-- DATASET RECORDS --
────────────────────
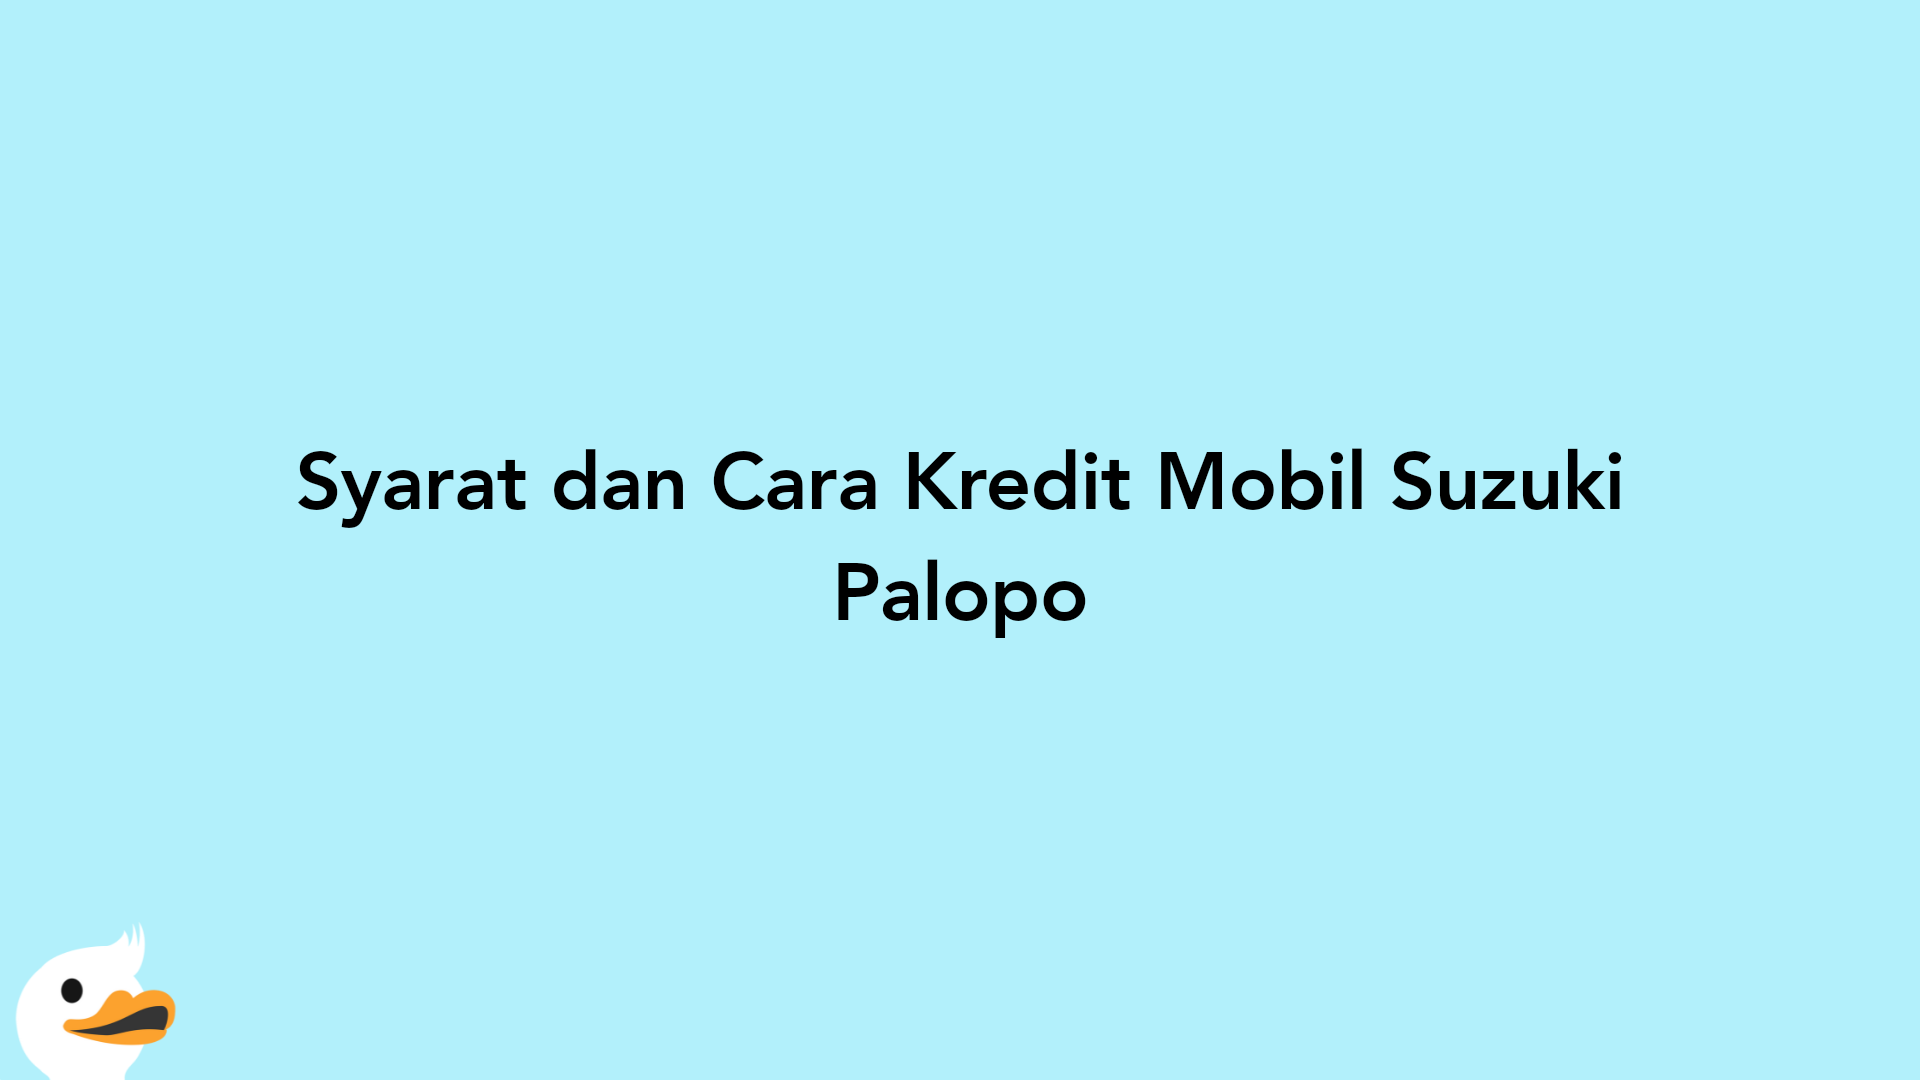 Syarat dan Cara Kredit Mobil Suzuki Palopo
────────────────────
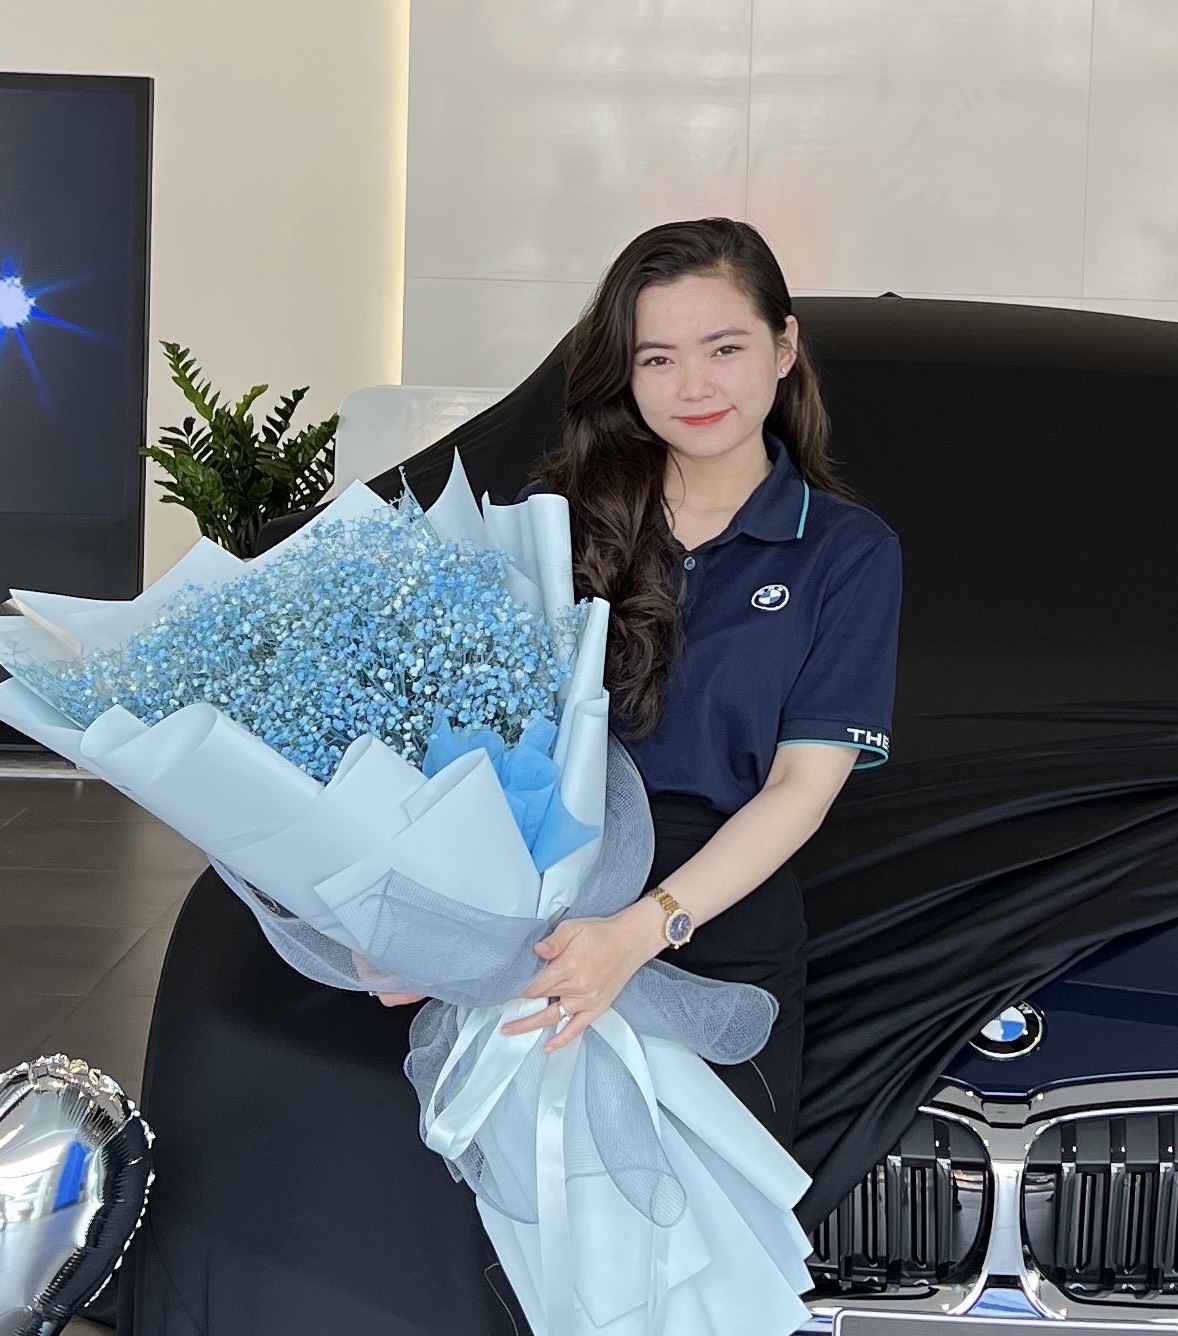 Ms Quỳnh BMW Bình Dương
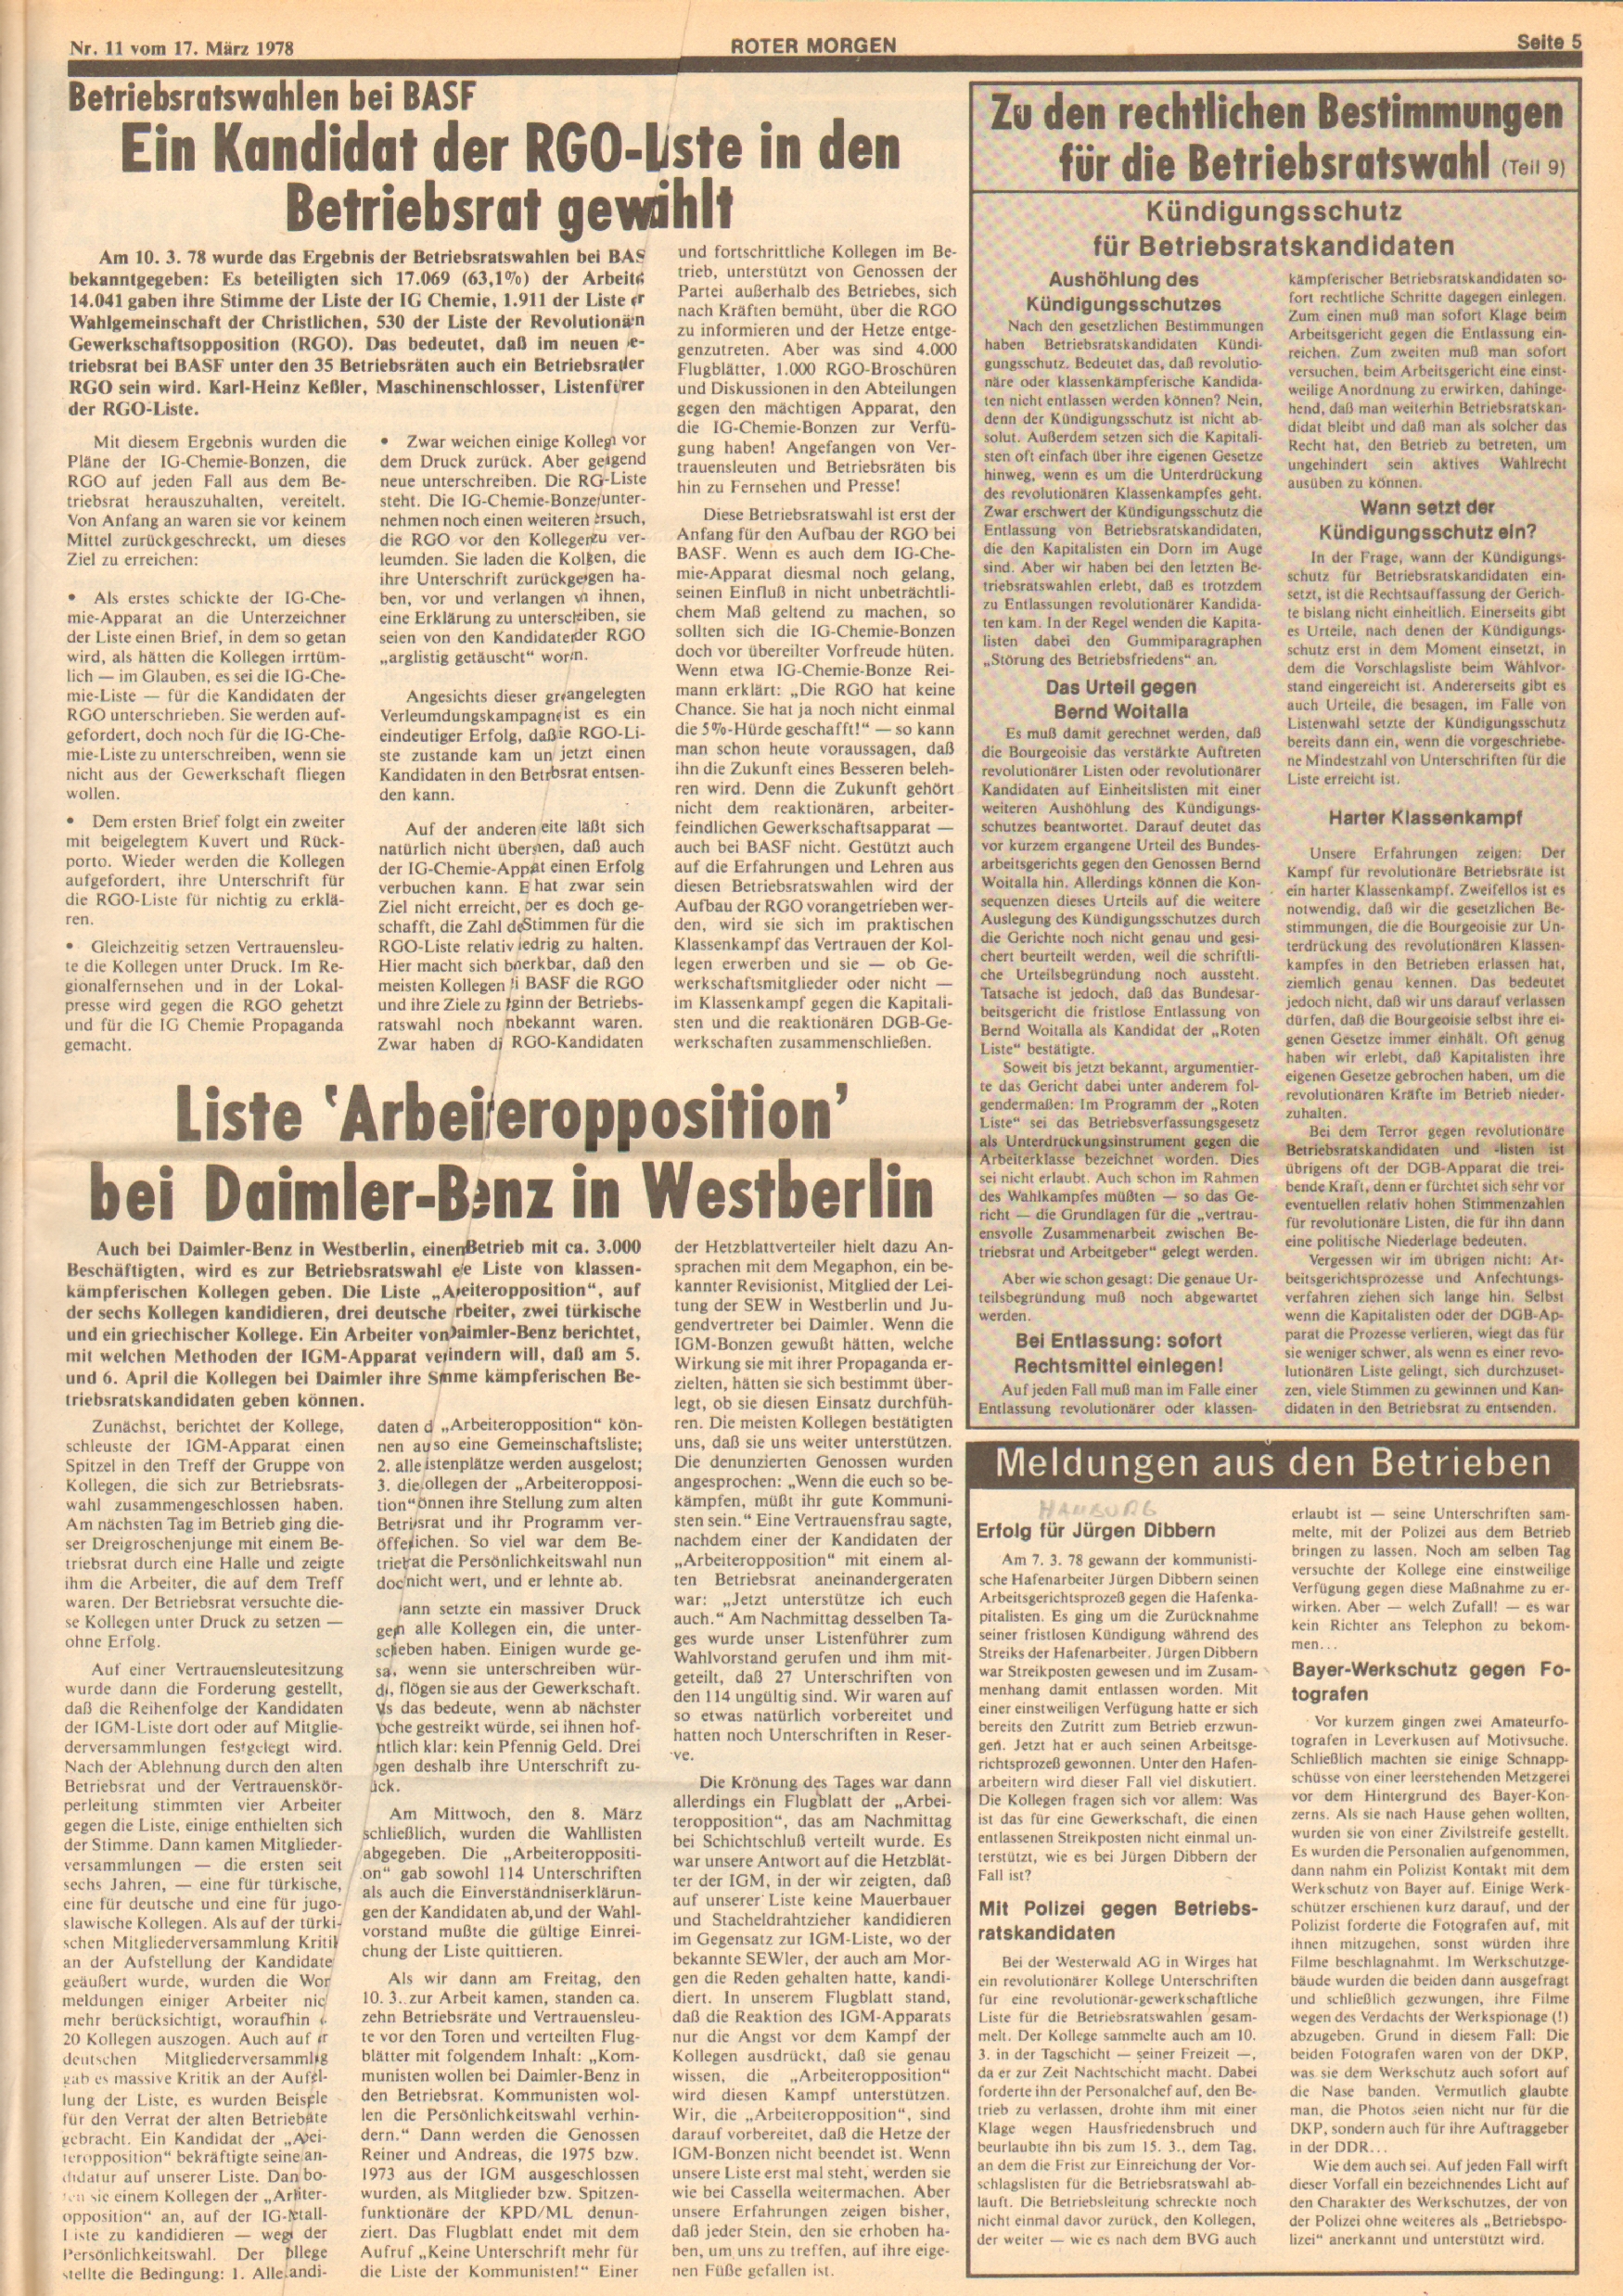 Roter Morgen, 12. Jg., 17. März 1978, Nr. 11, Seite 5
────────────────────
-- REQUIRED ACTION --
Leaving out all pictures, set down exactly the lines of the material above, from the line with "Ms Quỳnh BMW Bình Dương" to the line with "Roter Morgen, 12." inclusive, and no others.

-- RESPONSE --
 Ms Quỳnh BMW Bình Dương
 Roter Morgen, 12. Jg., 17. März 1978, Nr. 11, Seite 5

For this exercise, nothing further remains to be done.